Court Strikes Down Low “Gainful Employment” Repayment Rate Standard but Affirms Education Department’s Authority to Act and the Need to Do So
On Saturday, June 30, a judge on the U.S. District Court for the District of Columbia issued a decision in APSCU v. Arne Duncan et al which challenged the Department of Education’s gainful employment regulations. Those regulations apply to career education programs at public, nonprofit and for-profits colleges and were set to go into effect on July 1.
TICAS Vice President Pauline Abernathy issued the following statement in reaction to the ruling:
The Federal District Court decision issued this weekend leaves students and taxpayers exposed to unscrupulous schools that seek to swindle them and routinely saddle students with debts they cannot repay.

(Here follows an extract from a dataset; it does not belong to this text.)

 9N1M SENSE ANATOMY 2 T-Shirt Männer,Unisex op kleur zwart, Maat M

However, the court decision did affirm both the Education Department’s authority to enforce the gainful employment provisions in the law and the need to do so. The court concluded that “The Department has set out to address a serious policy problem, regulating pursuant to a reasonable interpretation of its statutory authority….Concerned about inadequate programs and unscrupulous institutions, the Department has gone looking for rats in ratholes—as the statute empowers it to do.”

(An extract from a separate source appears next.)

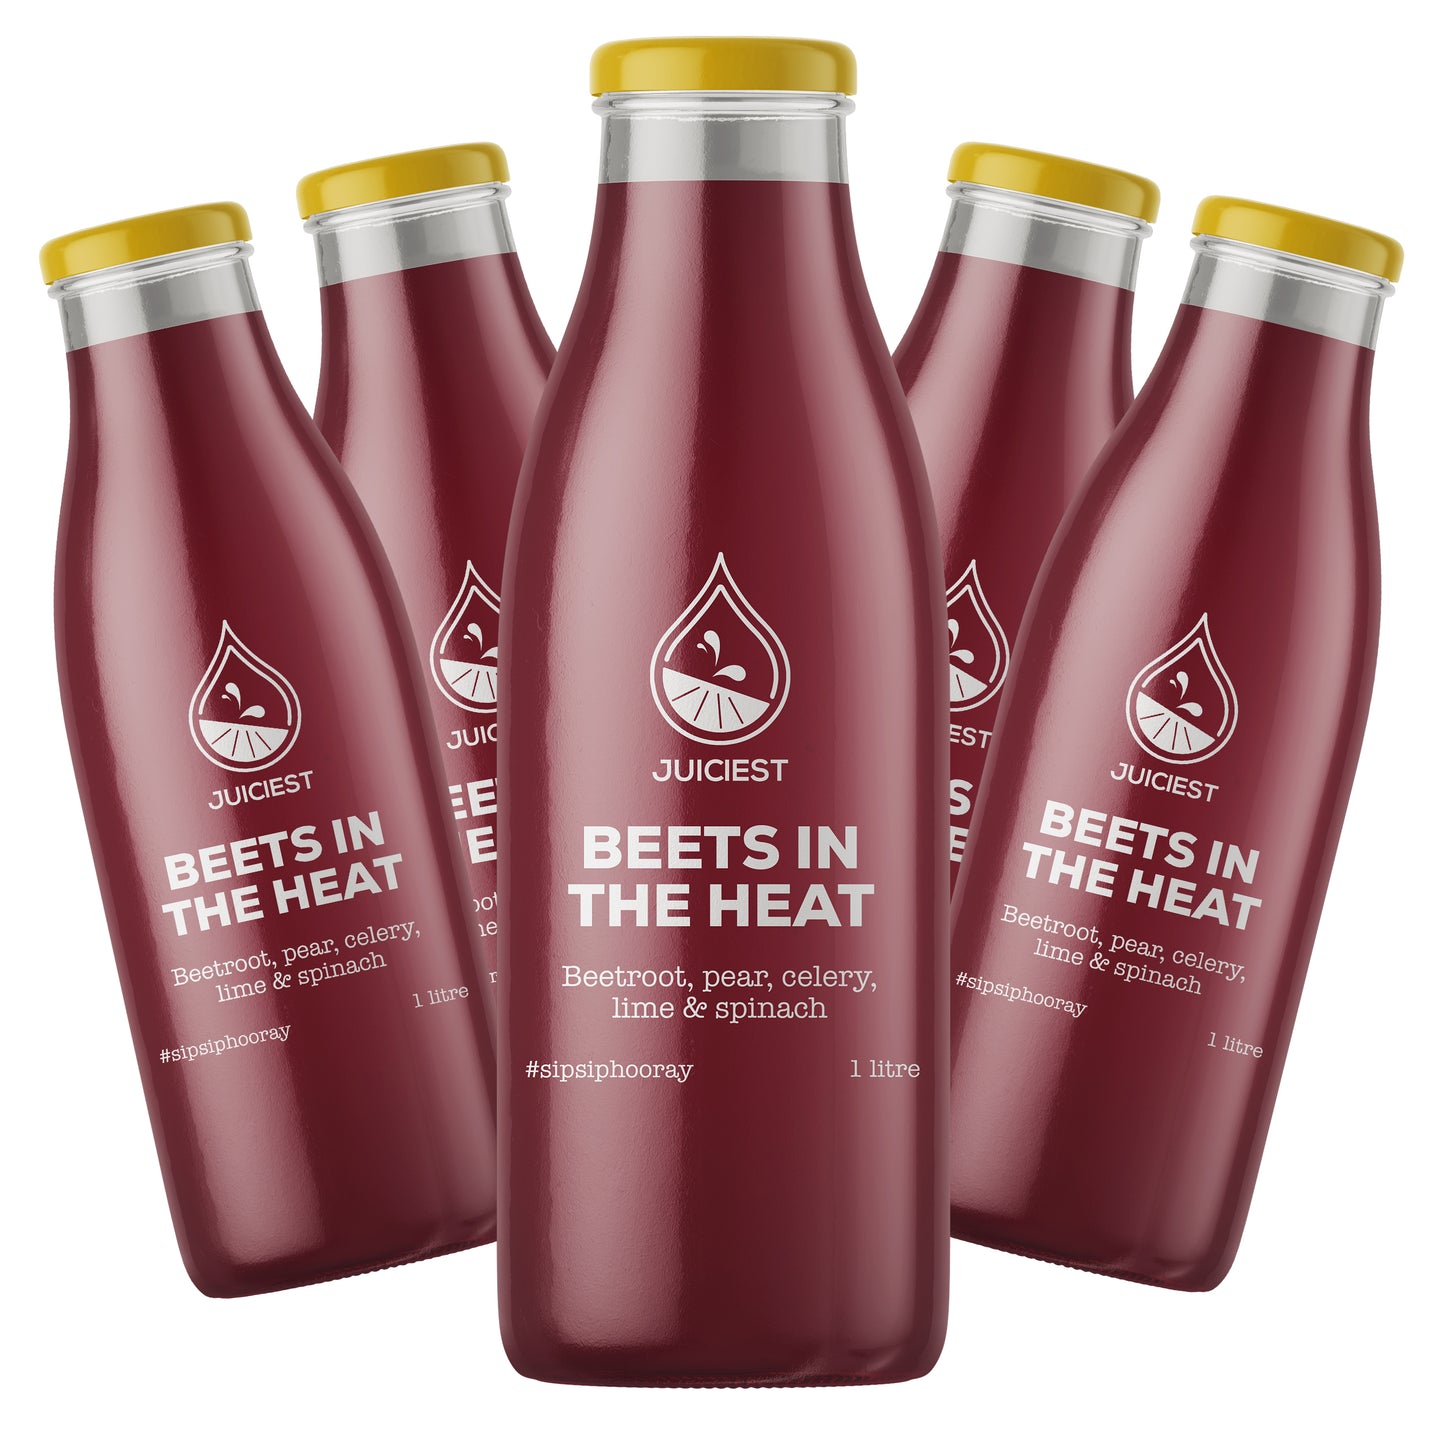 Juiciest Beets in the Heat 5x 1L bottles

The court ruled that the Department did not provide adequate rationale for picking the 35% threshold for program repayment rates, leading it to vacate the entire rule as a result. The decision faults the rationale for the 35% threshold, not the importance of the repayment rate measure, which effectively assesses the extent to which a program’s former students are able to pay down their loan principal. Indeed, nearly two years ago, dozens of organizations advocating for students, consumers, higher education, civil rights and college access urged the Department to raise the repayment rate threshold, writing, “This standard is simply too low to demonstrate that programs are adequately preparing students for gainful employment.”

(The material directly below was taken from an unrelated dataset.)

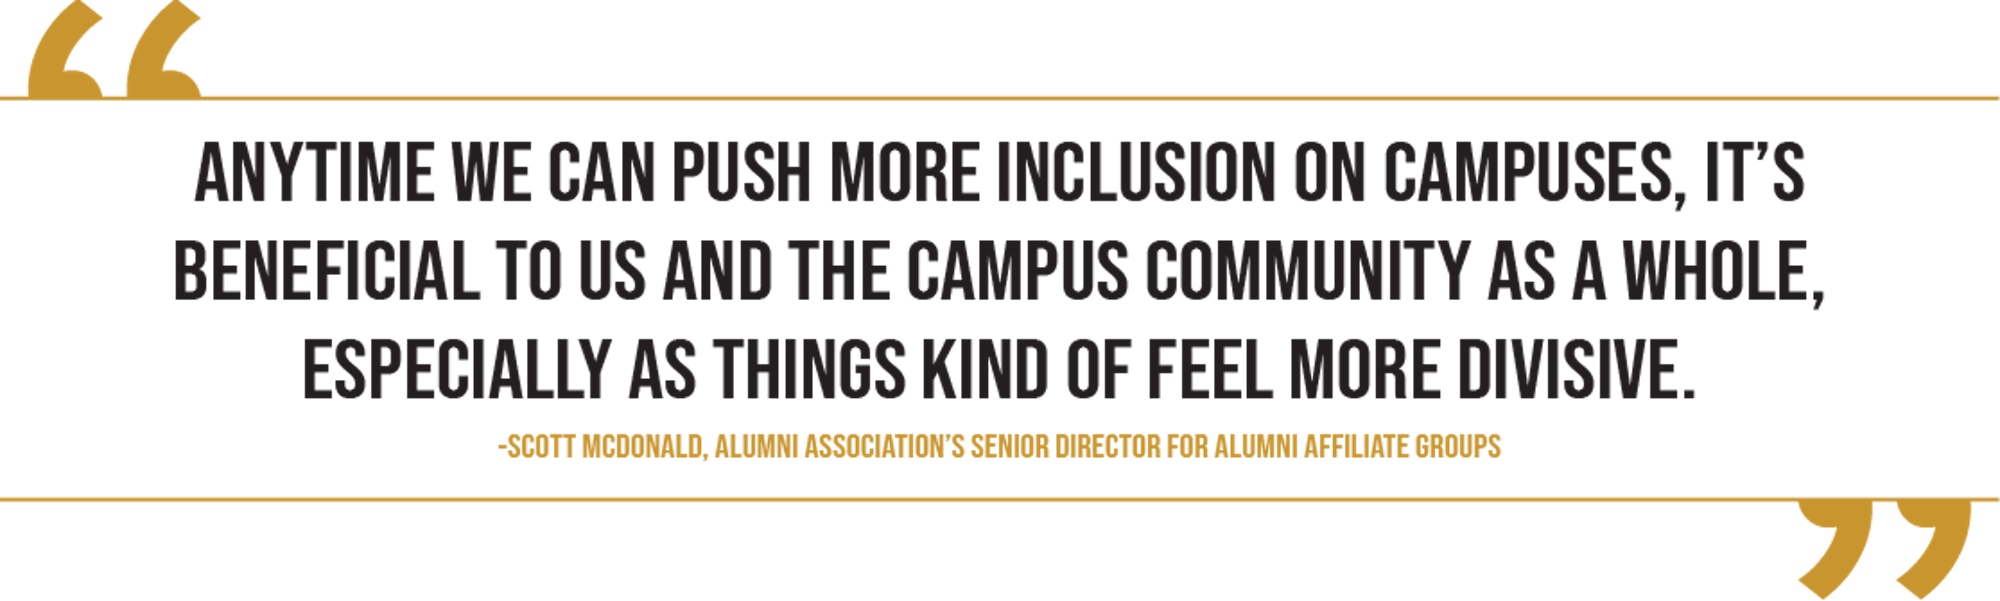 LGBTQ alumni council pull quote.png

With student debt levels rising and 30 state attorneys general from both parties jointly investigating for-profit college industry practices, the need for action has never been more urgent. To protect students and taxpayers, we call on the Administration to swiftly respond to this court decision and on Congress to promptly adopt bipartisan legislation that prohibits any school from using taxpayer dollars to advertise and recruit students and closes the “90-10 Rule” loophole that allows schools to count GI Bill funds and Department of Defense Tuition Assistance as private rather than federal dollars.